Task statement:
The pictures get left out, but everything else in the listing below must be duplicated exactly.

Given data:
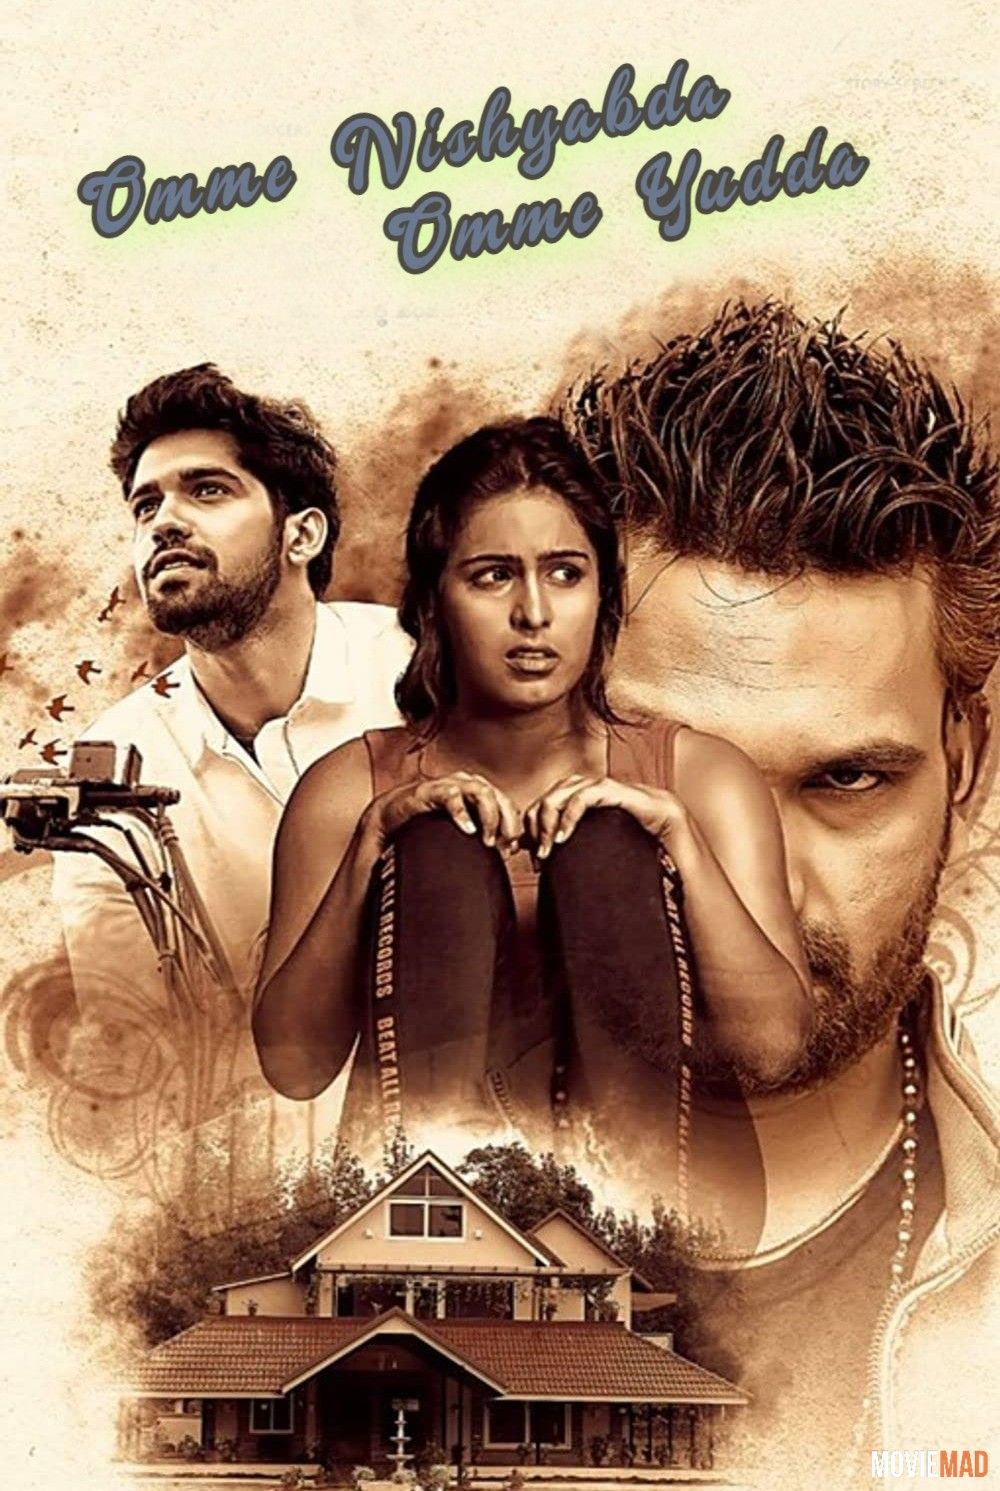 full moviesOmme Nishyabda Omme Yudda (2021) Hindi Dubbed HDTV Full Movie 720p 480p
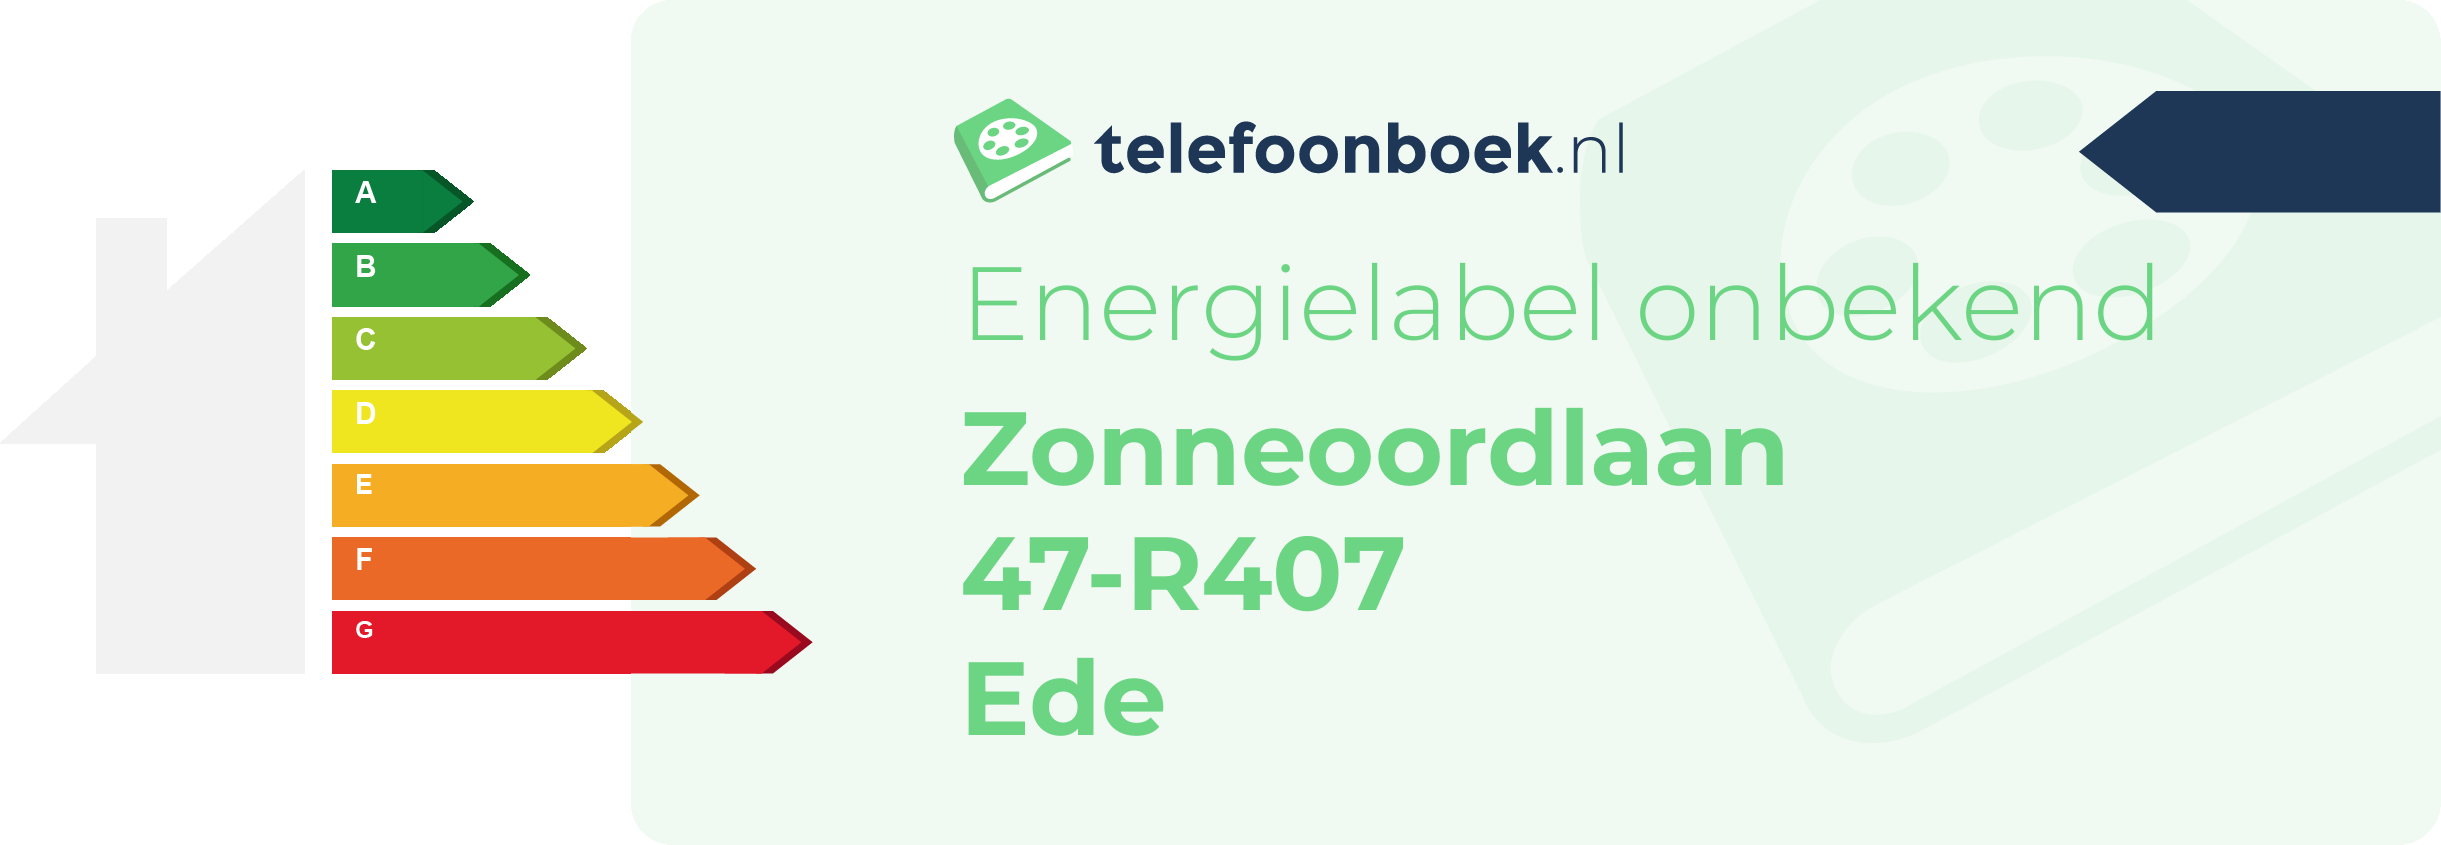 Energielabel Zonneoordlaan 47-R407 Ede
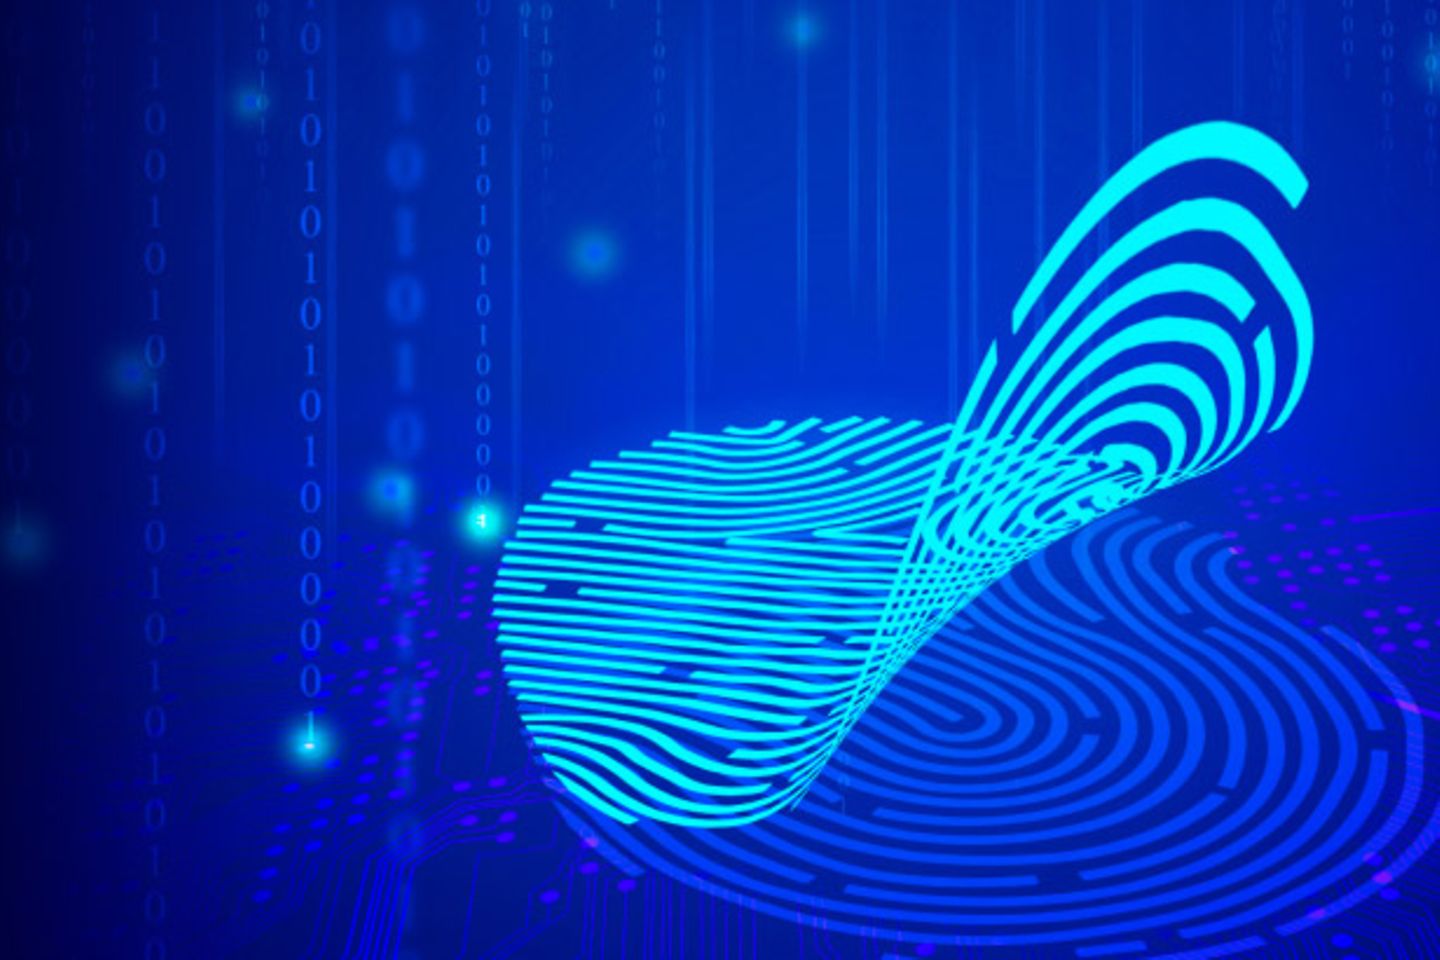 Digital fingerprint on a blue background

Result for this exercise:
 full moviesOmme Nishyabda Omme Yudda (2021) Hindi Dubbed HDTV Full Movie 720p 480p
 Energielabel Zonneoordlaan 47-R407 Ede
 Digital fingerprint on a blue background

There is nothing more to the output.